23-F
El proceso del 23/F se está celebrando ya. Las noticias y contranoticias que todos los días se filtran a la Prensa, la guerra misma de las filtraciones, es un proceso previo por el cual el pueblo español está viendo, no que había tres golpes simultáneos y convergentes (tesis piadosa de alguna piadosa analista), sino que los traidores, aunque les pague Roma, es muy difícil que se pongan de acuerdo entre sí.La apelación al Rey, la pretensión de los abogados defensores de que Don Juan Carlos declarase en el juicio, aparte de anticonstitucional, lleva hasta el paroxismo una evidencia que ya es colectiva: estamos ante el proceso al cinismo. Aquí, como en Shakespeare, una culpabilidad engendra otra, hasta llegar a la culpa absoluta. Se empezó invocando el nombre del Rey en vano, para sacar los tanques a la calle, se ha seguido mezclando el nombre del Rey a un golpe que iba contra él y, ahora, un cinismo involuntario (yo no concedo el cinismo, como categoría intelectual, a cualquiera), lleva a pedir la declaración del Rey como testigo. Se ha protestado para explicar que los guateques preconspiratorios no se hacían con dinero del Estado, sino con dinero particular (la mayoría de los particulares cobran del Estado), pero no se ha protestado de la acusación de usar el nombre del Rey en vano Y por cosa de poco momento (aunque el momento pudo haber durado otros cuarenta años). Quiere decirse que la honorabilidad en las formas sociales sigue siendo toda la honorabilidad. La honorabilidad interior tiene otros nombres menos convencionales y está ya fuera de juego.
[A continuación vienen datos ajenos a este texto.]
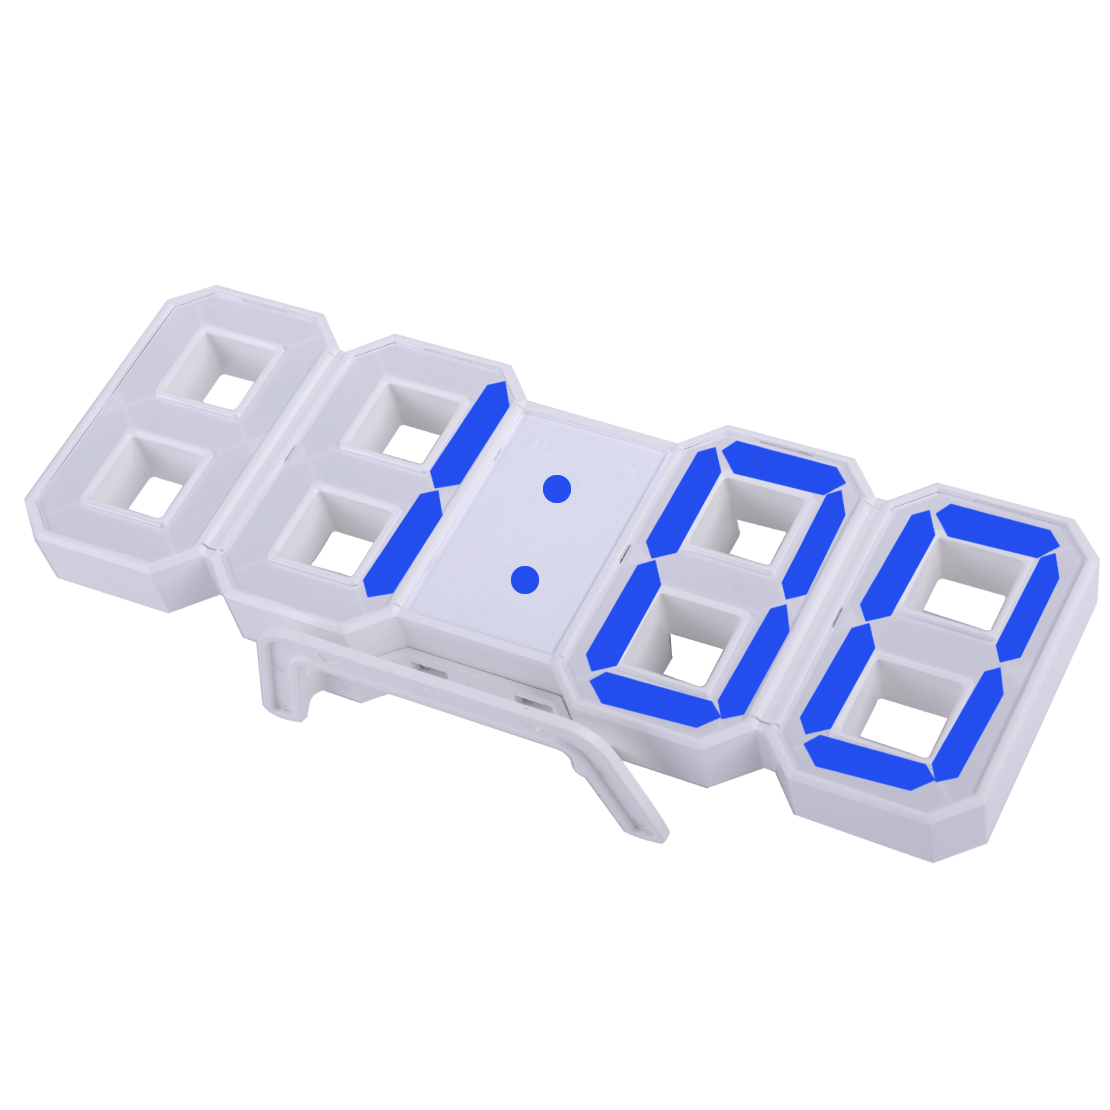 Moderne 3D Digital LED Wanduhr Wall Clock Tabelle Uhr Alarm Snooze 24/12Hr Weiß

Al cinismo se llega por un proceso de estilización intelectual de autocrueldad o por simple desesperación. El 23/ F va a ser el proceso al cinismo, pero no al de raíz intelectual. La presunta requisitoria al Rey no pretende aclarar ni aportar ningún dato, por supuesto, sino proporcionarse la satisfacción última de confundir la Historia de España y a los españoles, más el onanismo individual de sentar en el trono de la duda y la suspicacia a quien nunca quiere sentarse en el trono legítimo, por falta de tiempo y exceso de energías. (Curioso contraste con aquel sillón, estilizado en trono, que Franco usaba para sus recepciones en el Palacio de Oriente y otras autoconsagraciones.) Napoleón y Hitler necesitaban ser coronados por algún Papa, aunque no creyeran en él. Lo que más añoran las dictaduras es la juridicidad que les falta, y empeñan sus mejores y mayores esfuerzos en fingirla o sustituirla. En la política, como en las novelas de Corín Tellado (tan revisitada ahora por el esnobismo latinoamericano), el hombre necesita que le quieran por sí mismo. Hasta Pinochet. El Rey de España, relevado de esas penosidades por genealogía y ejecutoria, tiene todo su tiempo libre para tratar de España, jugar al tenis, visitar a Baltasar Porcel en Andraitx y parar golpismos en una noche, con la ayuda de los ilustres generales que todos sabemos. Los orfeonistas de Herri Batasuna han dicho que, llegado el caso, volverían a interrumpir al Rey con su cantata o coplilla. La repetición mecánica de un agravio que en principio pudo ser espontáneo e inteligible da también el cinismo. Entre ambos cinismos se mueve hoy la figura nada cínica del Rey. Entre ambos cinismos estamos cogidos todos los españoles. Es vieja la teoría según la cual al cínico no se le combate con moralidades, sino con mayor cinismo. Pero la ley, el Ejército, la democracia, no pueden caer en la trampa del cinismo.
Sólo los escritores, los comentaristas, los «poderes inermes», podemos usar el arma del cinismo contra el cinismo de las armas. De momento.